● **Task instructions**:
Transcribe the full listing below, word for word, without pictures.

● **Supplied data**:
----------

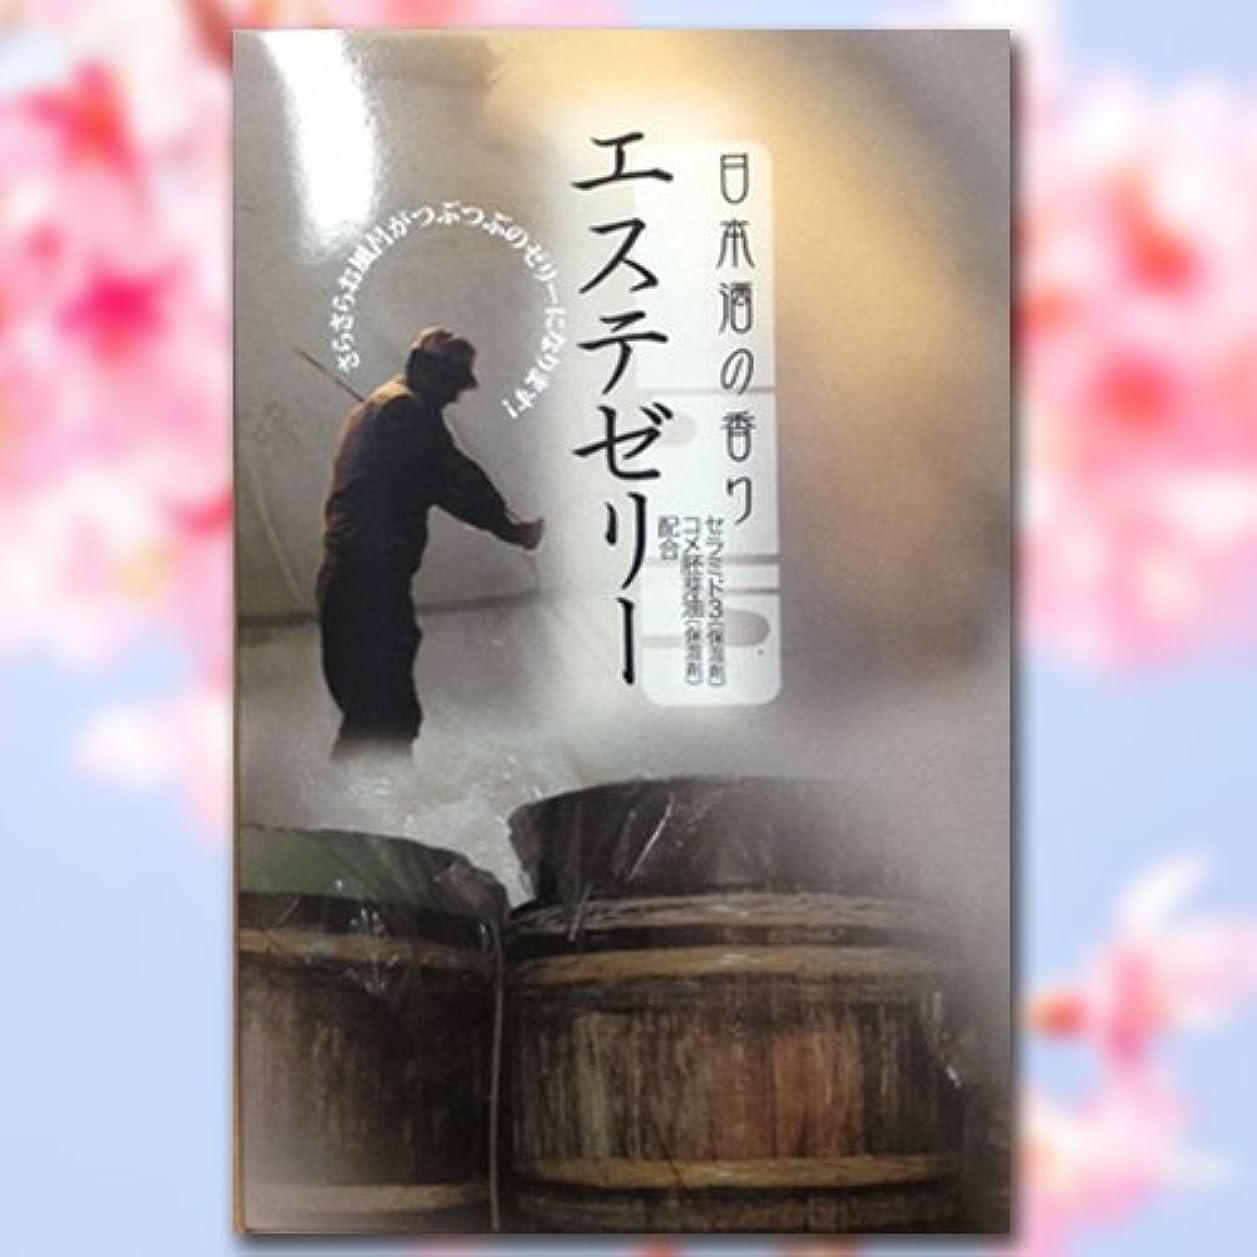 測るペチュランスピアノ【2個セット】Esthe Jelly エステゼリー 日本酒の香り (入浴剤)
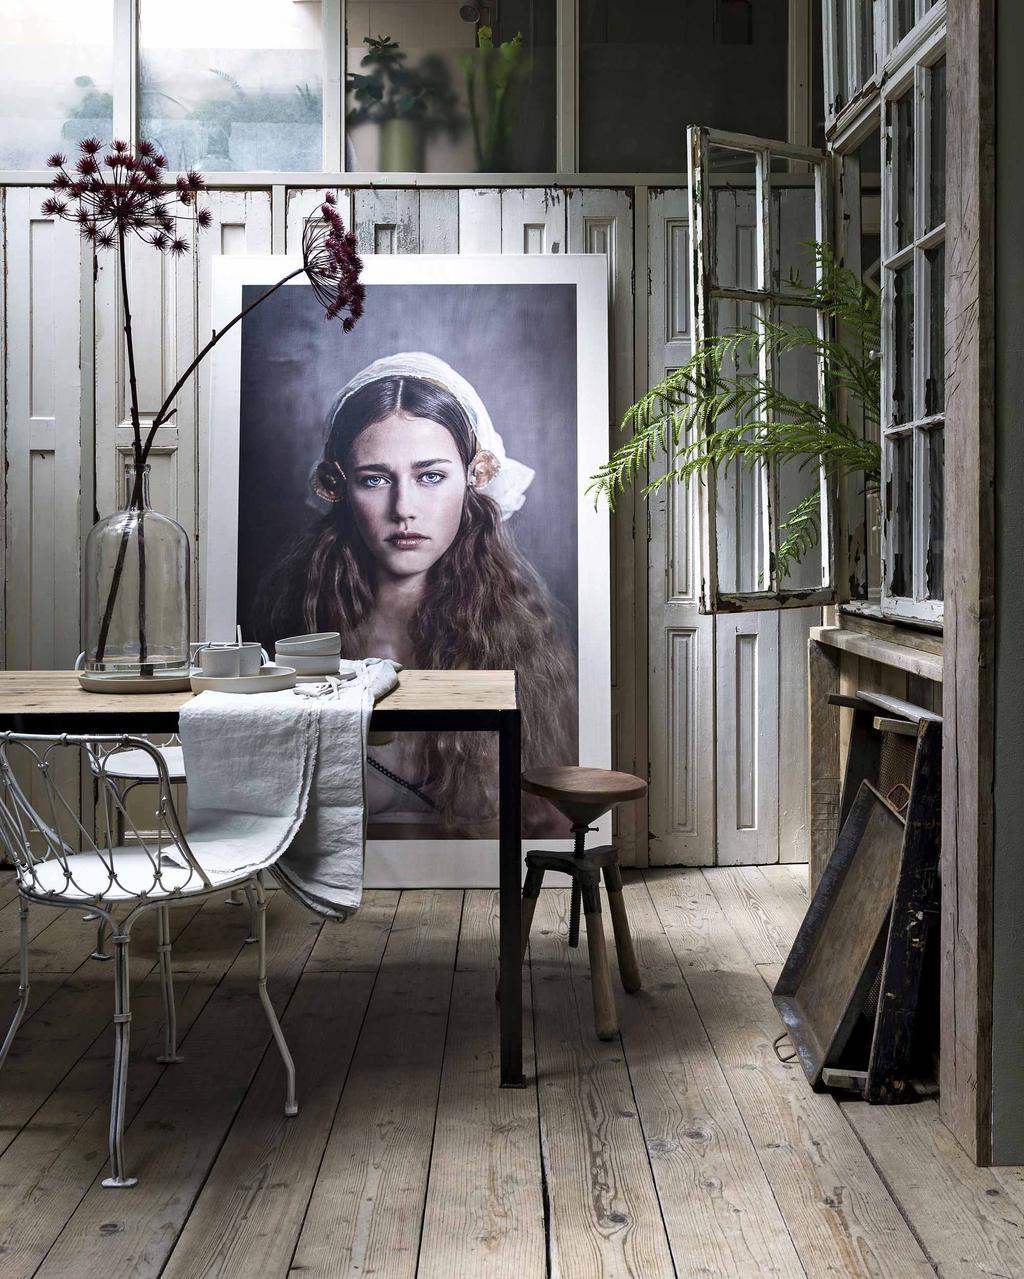 Poster - Eettafel - Oase van rust - Poster
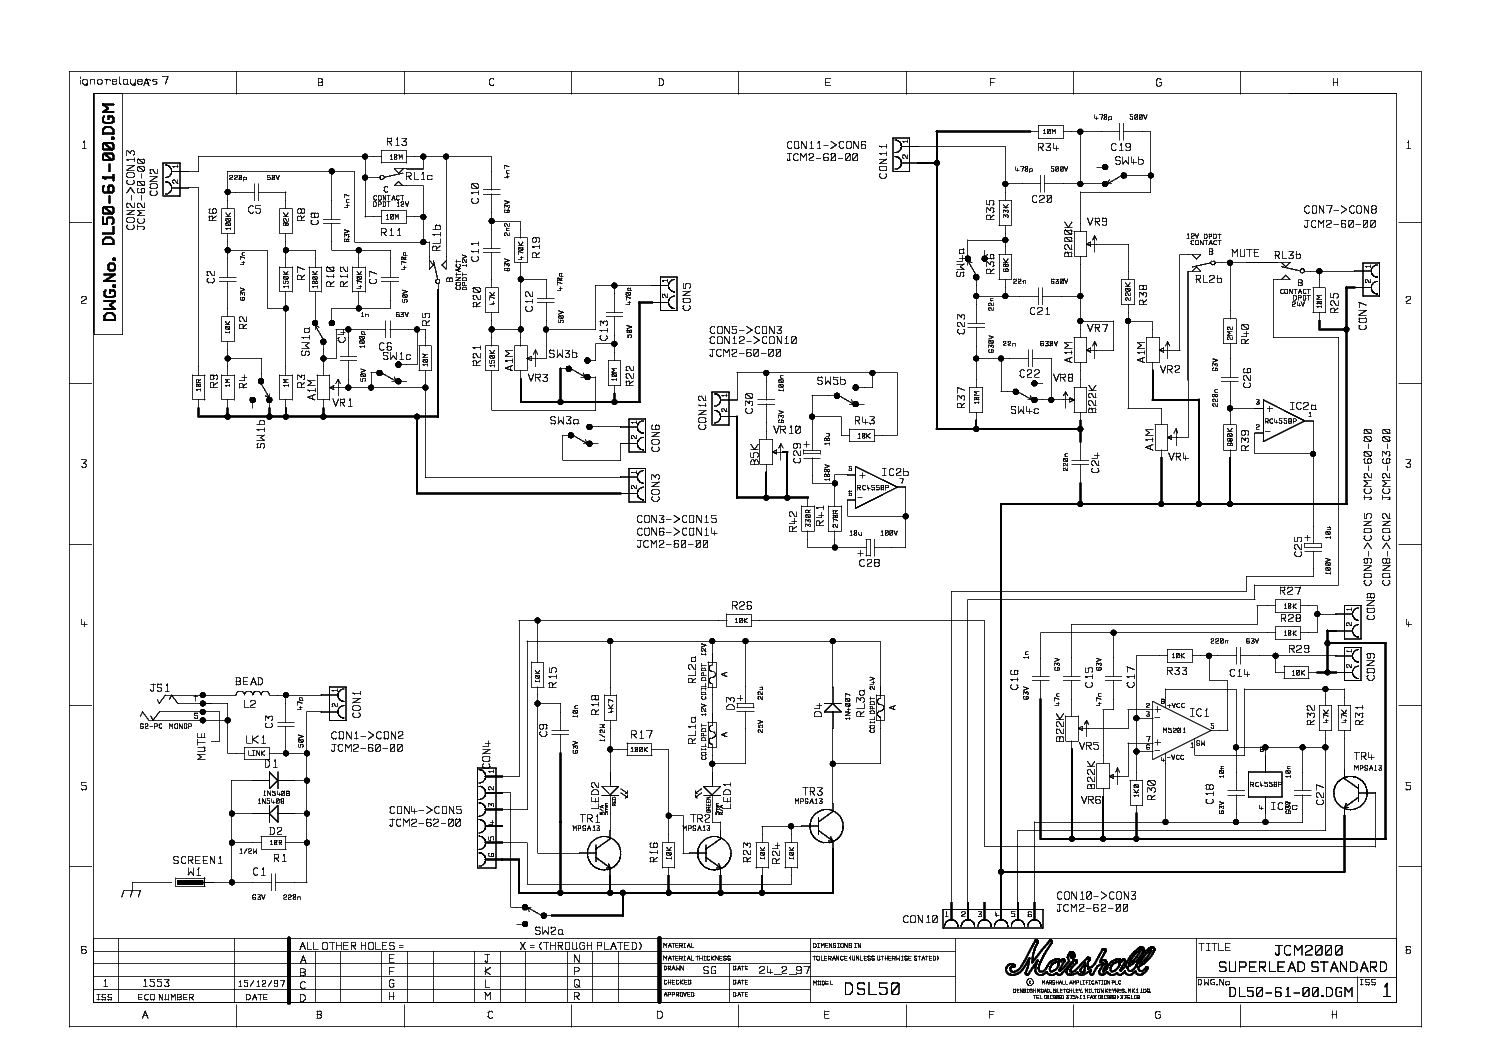 Dsl40c Wiring Diagram | Wiring Diagram on
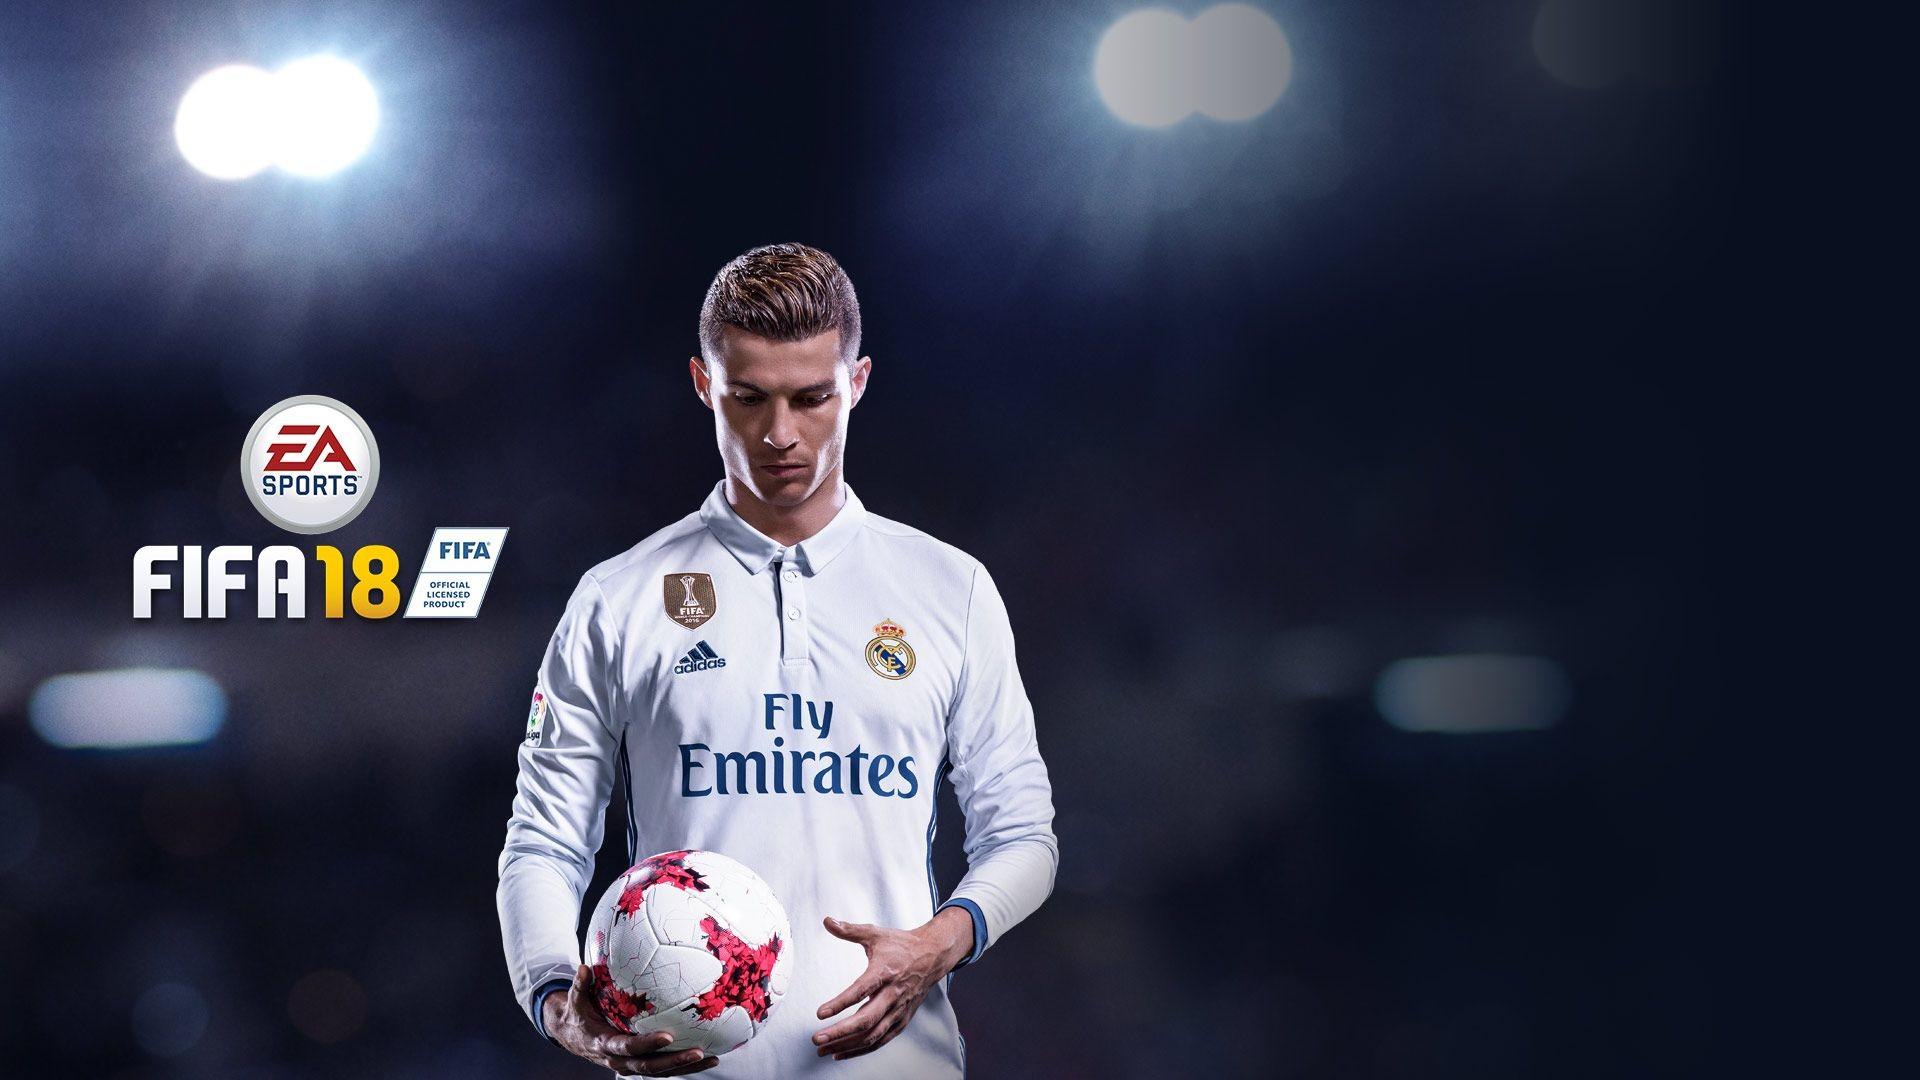 Res: 1920x1080, FIFA 2018 Cover Wallpaper - Best Wallpaper HD

----------

● **Your solution**:
 測るペチュランスピアノ【2個セット】Esthe Jelly エステゼリー 日本酒の香り (入浴剤)
 Poster - Eettafel - Oase van rust - Poster
 Dsl40c Wiring Diagram | Wiring Diagram on
 Res: 1920x1080, FIFA 2018 Cover Wallpaper - Best Wallpaper HD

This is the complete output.